I had the pleasure of delivering a short talk at the Business Process Integration & Workflow Conference last week in Redmond. The whole conference was great, especially meeting quite a few folks in person I'd only conversed with via email. Being notified of MVP status for BizTalk on Friday was a great cap to the week!
Although the sample I presented during my talk isn't quite ready to release, the slides (on scatter/gather scenarios in BizTalk) can be downloaded here.
I worked through a problem recently with a client that really took me by surprise - because I would think that many BizTalk shops would be running into this issue regularly. So! Here goes with an explanation and a solution.
We ran into this problem initially using the MSMQ (not MSMQT) adapter with BizTalk 2004. We had roughly 10 MSMQ receive locations, as well as a few send ports that were using the loopback adapter. These were all executing in the same host.
The initial symptom was that the loopback adapter appeared to not work - messages were just not getting through! They sat in the "delivered, not consumed state" for no good reason. But we quickly reproduced the problem with just MSMQ receive locations (i.e. without the loopback adapter.)

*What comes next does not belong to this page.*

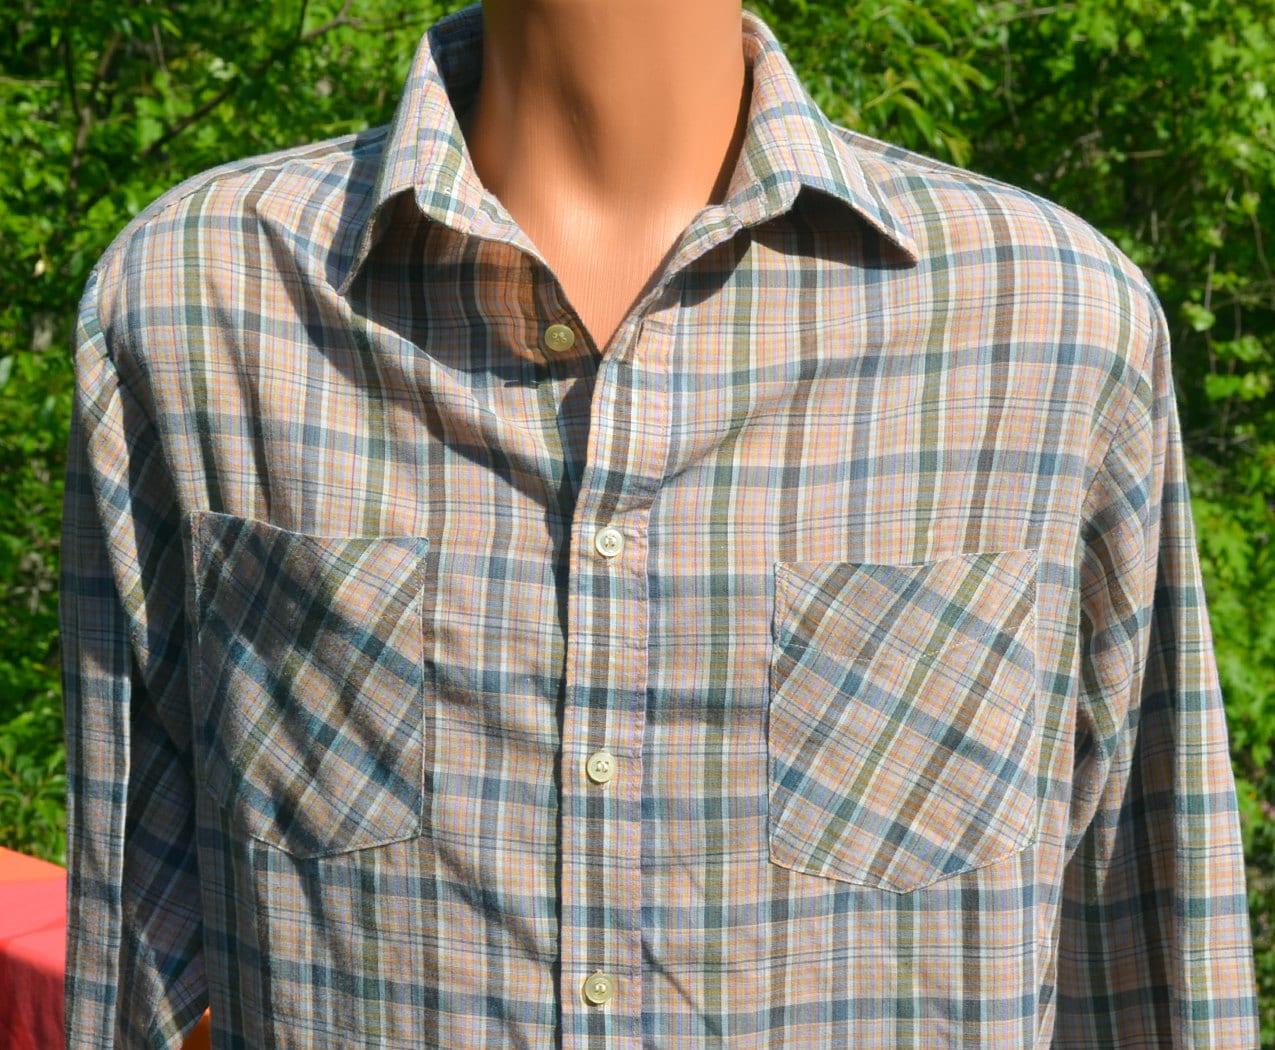 Vintage 70s Bud Berma Plaid Shirt Button Down Weekender Light

On a single processor virtual machine, the repro looked like this: Create four MSMQ receive locations, and one MSMQ send port (with the send port subscribed to one of the receive ports, just to keep things easy.) No messages will flow through the send port at all.

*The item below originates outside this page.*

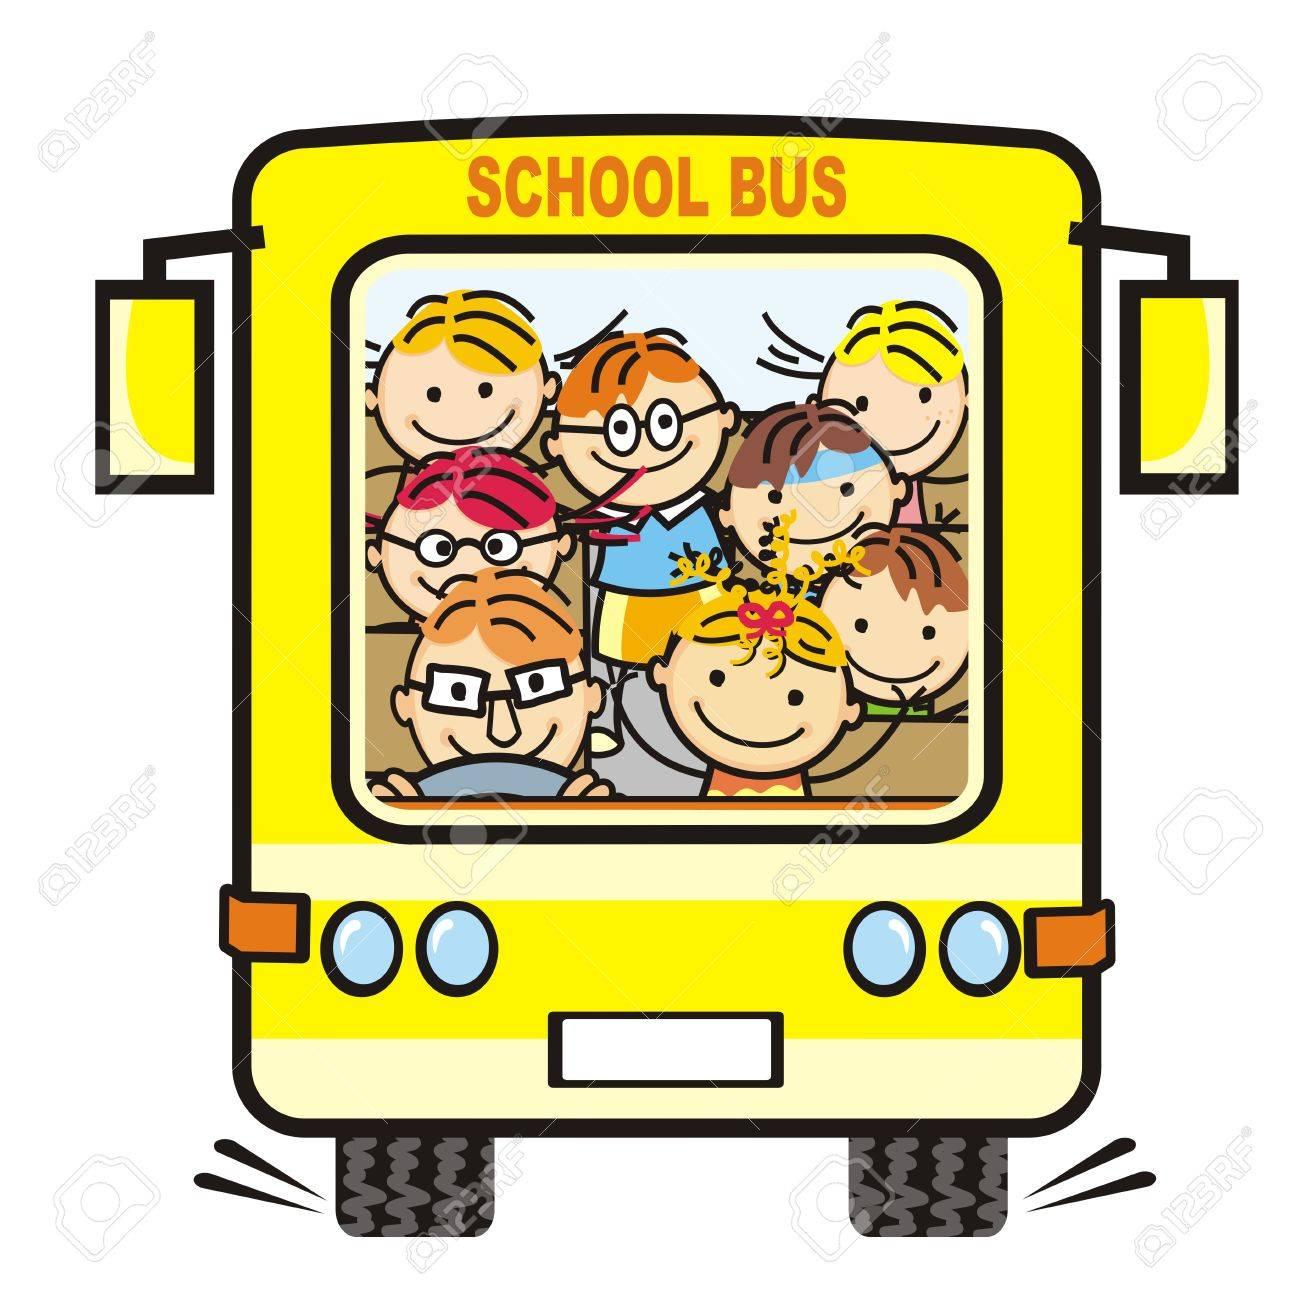 yellow school bus and children icon humorous illustration royalty

To repro: This download has a binding file with receive ports/locations for local (non-tx) private queues Q1-Q4, plus a send port for local private queue NONTXQ with a filter for the first receive port. There is also a bit of VB script to put a message into a queue...If you turn off one of the receive locations for Q2-Q4, you'll find things work just fine. If you don't, then (reiterating) no messages will flow through the send port.
What was the resolution? Well, with BizTalk 2004 Service Pack 1 installed, you can create a "CLR Hosting" key under the registry service definition.

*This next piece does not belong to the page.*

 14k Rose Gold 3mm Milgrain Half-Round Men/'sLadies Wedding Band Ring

In our case, we actually had to increase these values - you should determine the values you need through testing. Consider having min worker threads equal to 7x the number of MSMQ receive locations, and max worker threads equal to 10x the number of MSMQ receive locations. (More on these numbers later...)
Does the documentation address this? Good question. If you look at the topic "Managing Multiple Receive Locations" in the MSMQ adapter documentation, you will find some reference to this. It indicates you should create a "CLR Hosting" key as described above...but no actual values are mentioned (clearly just a documentation mishap.)
But why do these have to be tweaked at all? Good question. The documentation for the MSMQ adapter has some unfortunate quotables, like:
To increase performance, Microsoft BizTalk® 2004 Adapter for MSMQ is multi-threaded. If you have many receive locations, there may not be enough threads available for all the receive locations. This prevents some of the receive locations from picking up messages.
The reality is that you really shouldn't have to starve any particular receive location because of a lack of threads...you should just wind up with increased latency. But, such is not the implementation of the MSMQ adapter (at least for BizTalk 2004.)
Some background: The MSMQ adapter has a "Batch Size" parameter and a "Serial Processing" parameter that can be set per receive location. "Batch Size" determines how many messages the adapter will attempt to read from the queue (and submit to the message box) on each iteration. "Serial Processing" determines whether one thread is engaged in the peek/get/submit activity per receive location (Serial Processing = 'true') or multiple threads (Serial Processing = 'false'). If "Serial Processing" is true, the "Batch Size" is forced to one regardless of the actual setting.
So what is the execution flow for a given receive location? The internal class MsmqReceiverEndpoint is instantiated per receive location, and when it initializes, it calls ThreadPool.QueueUserWorkItem with a reference to itself. If "Serial Processing" is false...it does this exactly seven (7) times.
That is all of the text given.